Falando antes da ministra da Cultura para uma plateia de secretários estaduais e municipais de Cultura vindos de todas as partes do país, o gestor Eduardo Saron, presidente da Fundação Itaú (que congrega Itaú Cultural, Itaú Social e Itaú Educação e Trabalho), havia proposto a superação do debate sobre democratização do acesso: “Há um novo paradigma que precisamos assumir entre nós. No início do primeiro governo Lula, Gilberto Gil foi um dos que trouxe à cena um grande paradigma para o mundo da cultura, a questão da democratização do acesso. É claro que esse tema continua sendo necessário e central num país tão desigual quanto o nosso. Mas apelo que precisamos encontrar um novo patamar de referência, sem perder de vista a democratização do acesso”.

Saron projetou qual seria o próximo momento: “Para mim, esse novo patamar é a democratização da participação. Esse é o centro da nova referência de uma boa política cultural. Não adianta só fazer o acesso à produção cultural, é preciso garantir também formação e fomento à produção cultural. É fazer com que as pessoas possam ser protagonistas da sua própria transformação e possam participar do processo de produção cultural em todo o país, revelando com mais força ainda a diversidade cultural brasileira. Precisamos fazer com que os direitos culturais ganhem uma outra potência”.

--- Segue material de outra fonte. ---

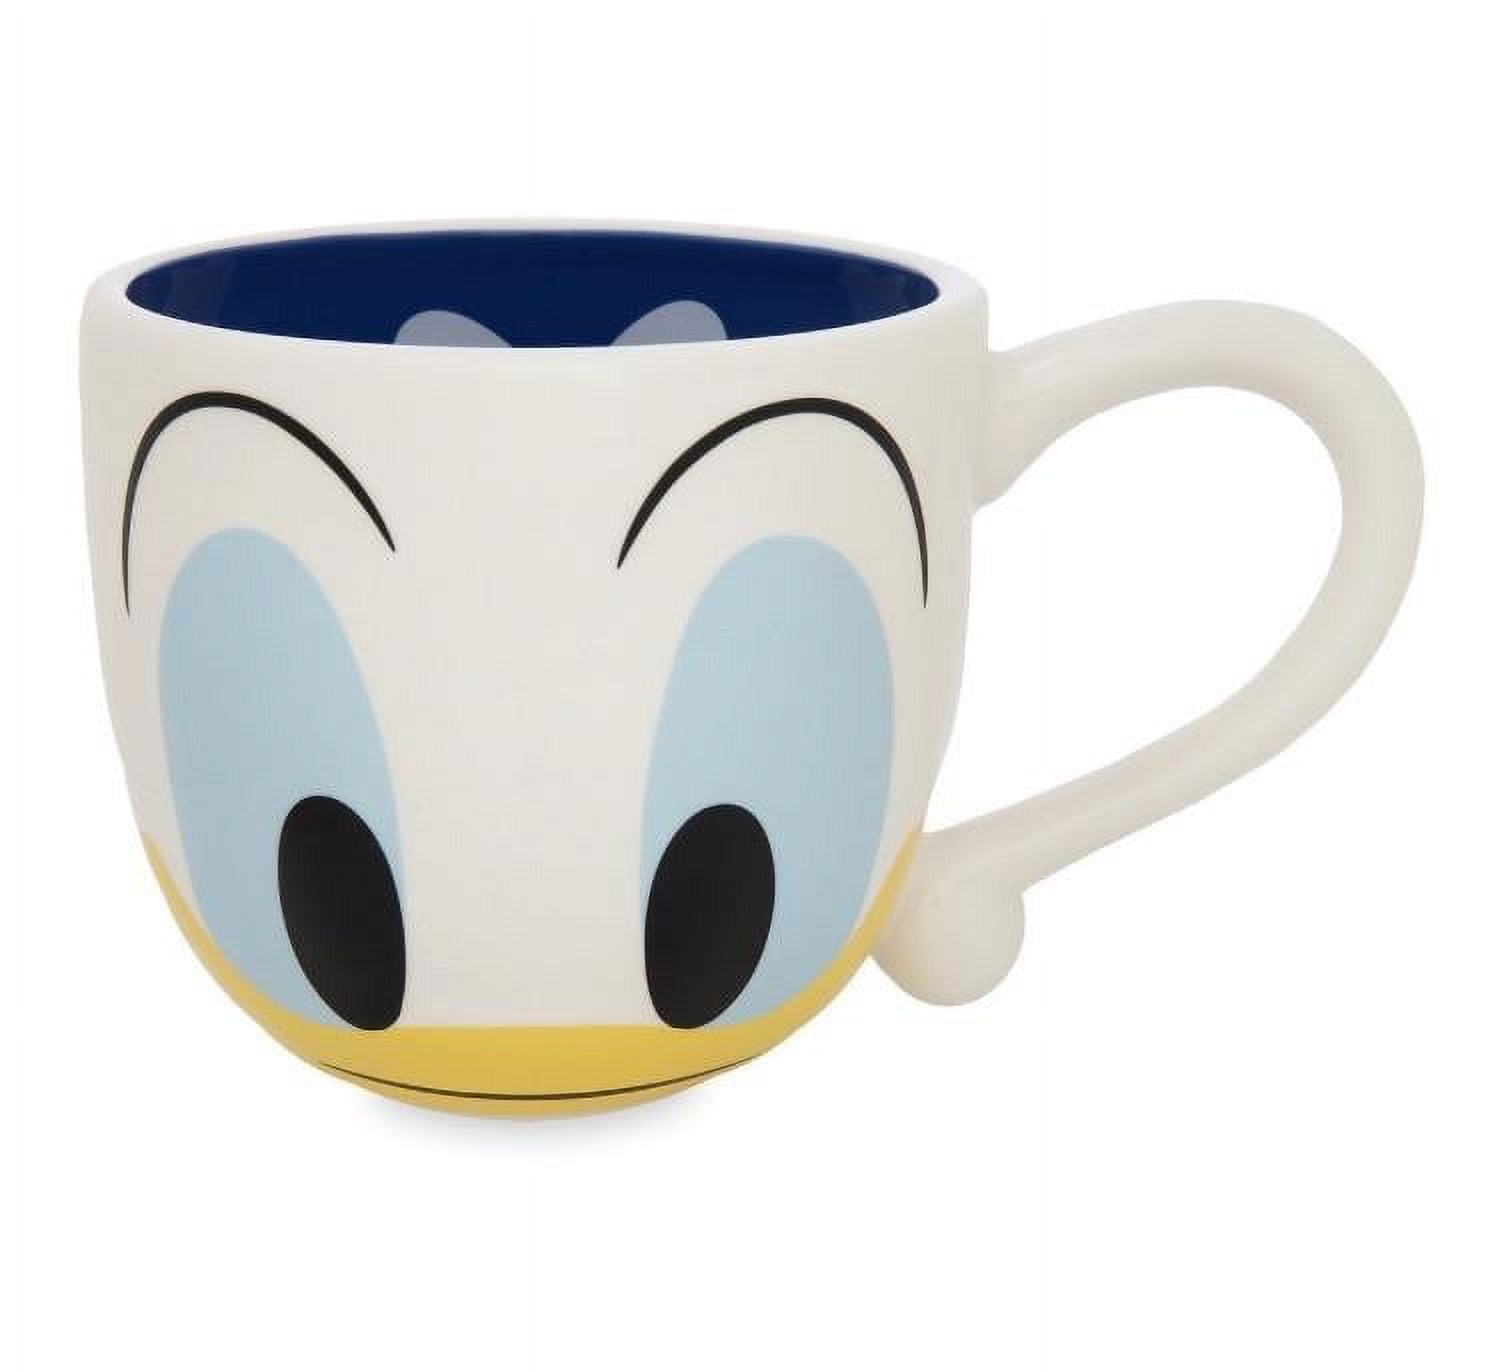 Donald Duck Glass Mug by Arribas – Large – Personalized

A ideia-força de Saron seria amplificada e reformulada na fala da ministra Cármen Lúcia, do Supremo Tribunal Federal (STF), alçada no encontro a uma condição heróica, graças à defesa que fez da comunidade cultural ao invalidar obstáculos colocados pelo ex-presidente da República para a execução das leis Aldir Blanc e Paulo Gustavo. “Dois ou três falaram que é preciso democratizar a cultura. A cultura é democrática por ela, ninguém precisa democratizar a cultura. Eu proponho que é preciso culturalizar a democracia e fazer da democracia deste país uma verdade”, a ministra divergiu de outros participantes do debate.

Externando posição diferente da tomada por ela e por outros integrantes da Corte Suprema durante o golpe de 2016, Cármen Lúcia atacava veladamente, portanto, as aventuras golpistas e obscurantistas imaginadas ou perpetradas pelo núcleo bolsonarista: “É preciso que a gente saiba que se não houver uma cultura democrática permanente vai haver vez ou outra uma tentativa de tempestuosamente cercear esses direitos. É preciso que numa cultura democrática todo mundo seja capaz de exercer seus direitos a tal ponto que se sedimenta o que chamamos em direito de sentimento constitucional democrático. Quando a sociedade acredita nisso, ela é a própria barreira contra investidas autoritárias que se sucedem. É contra exatamente isso que a cultura precisa ser consolidada, no sentido de não permitir que essas investidas deem certo nem tenham acabamento”.

Cármen Lúcia terminou seu discurso com uma crítica aberta e um chamado à responsabilidade do empresariado que se utiliza de leis de incentivo cultural como a Lei Rouanet. Fez isso na presença de Saron, representante do Itaú, e de Hugo Barreto, ex-Fundação Roberto Marinho e atual presidente do Instituto Cultural Vale (o Itaú e a Vale estão entre os parceiros na realização do encontro de gestores, ao lado do MinC, da Unesco no Brasil, do Fórum Nacional de Secretários e Dirigentes Estaduais de Cultura, do Fórum Nacional de Secretários e Gestores de Cultura das Capitais e Municípios Associados e da Secretaria Estadual de Cultura do Espírito Santo).

“Precisamos, como sociedade e como empresariado, pensar que não é concedendo benefício como se fosse favor, e no final o incentivo é tirado de um imposto que ia ser pago de todo jeito, que se pode pensar de uma forma tão acanhada na gestão dos recursos públicos. Isso não é incentivo nenhum, é um deslocamento de recursos”, argumentou a ministra do STF.

“É preciso que não se catequize a arte, a cultura, o produtor, principalmente o artista, que têm que ser garantidos na sua liberdade. O mecenas vai sempre se encaminhar num sentido que seja coerente com o que ele pensa, mas eu espero que ele pense incialmente a partir do que é o ser humano livre para produzir sua arte. Se não, nós teremos para sempre limites estreitos estabelecidos”, finalizou, ovacionada por uma plateia formada majoritariamente por gestores públicos de cultura. Para esses, Carmen Lúcia recomendou a gestão responsável, mas não amedrontada, dos muitos recursos que virão.